Academician and Author

Pramod Paliwal (born 1968) is an author, academician, expert in Energy Sector Management and Energy Security. He is a Fellow of The Chartered Institute of Marketing, U.K. and is on the panel of Chair of Indian Studies Abroad in Energy Studies at Indian Council for Cultural Relations (ICCR), Ministry of External Affairs, Govt. of India. Paliwal is associated with the international crowdsourcing organization Wikistrat as an Honorary Senior Analyst in the area of energy.

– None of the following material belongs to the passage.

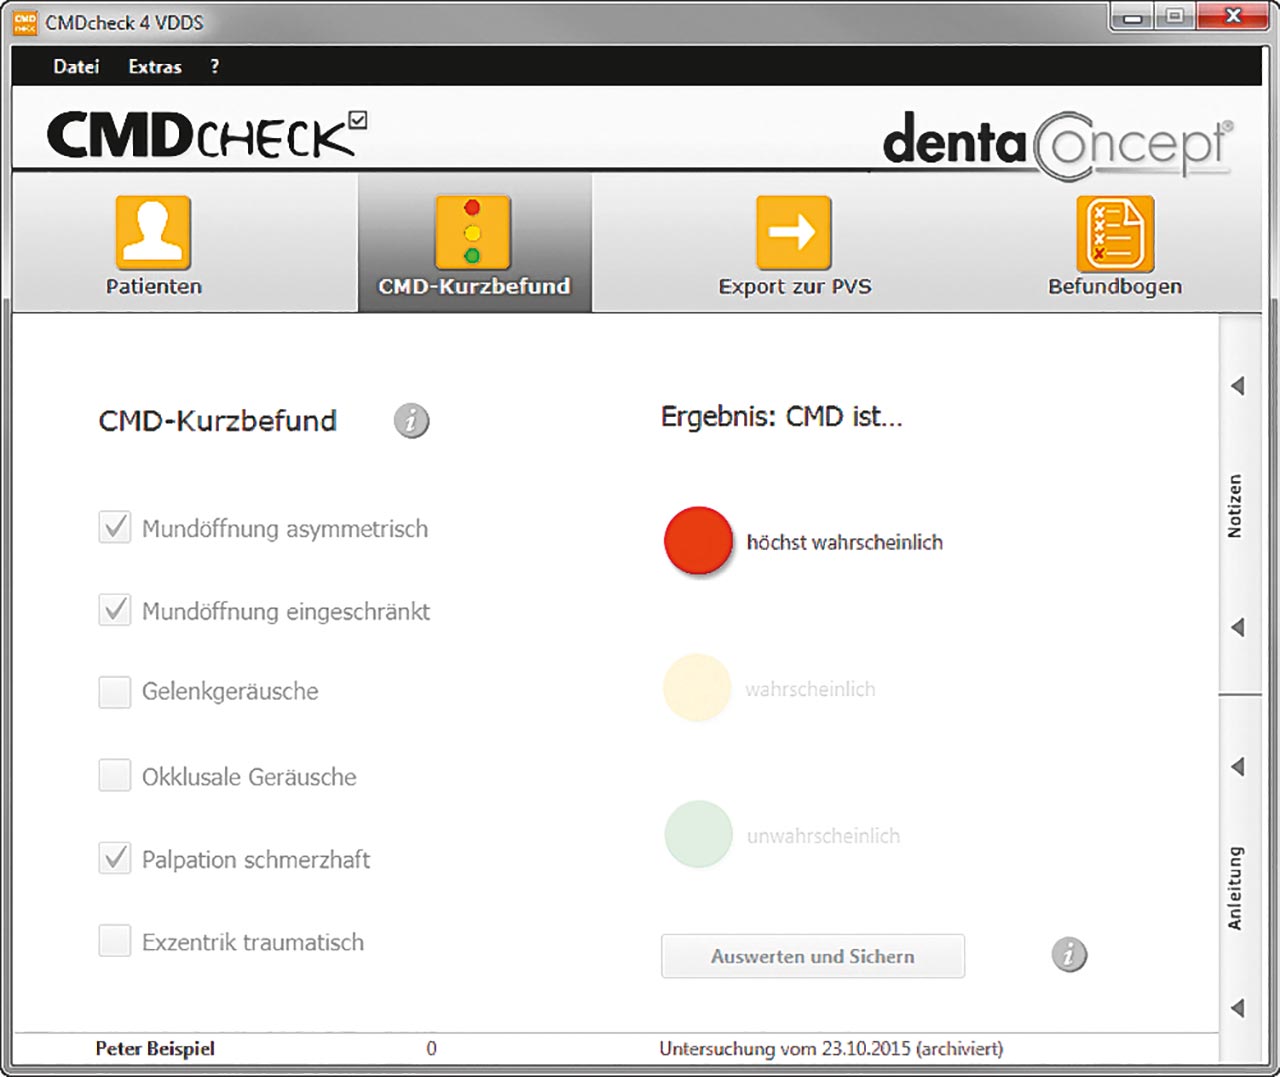 Abb. 14 Erfassung und Auswertung des CMD- Kurzbefundes mittels der Software CMDcheck 4 (Freeware, siehe www.dentaConcept.de)

He has an interest in Natural Gas Distribution industry and Energy Branding.

==Education and personal life==
Born in Udaipur, Paliwal holds a bachelor's degree in Economics from Rajasthan Vidyapeeth and is an MBA followed by a PhD in Management from Mohanlal Sukhadia University.

He is married and has two children.

==Career, publications and conferences==
Paliwal is a professor at the School of Management, Pandit Deendayal Energy University, Gandhinagar-Gujarat, India. In profession since 1991, his earlier associations have been with ACC Limited (now, a subsidiary of the Adani Group; formerly Holcim Group), Pacific Institute of Management, Mohanlal Sukhadia University, India, and the India Offshore Campus of Oxford Brookes University, U.K. He sits on the Academic Advisory Board of CHARGE Energy Branding Conference, Iceland.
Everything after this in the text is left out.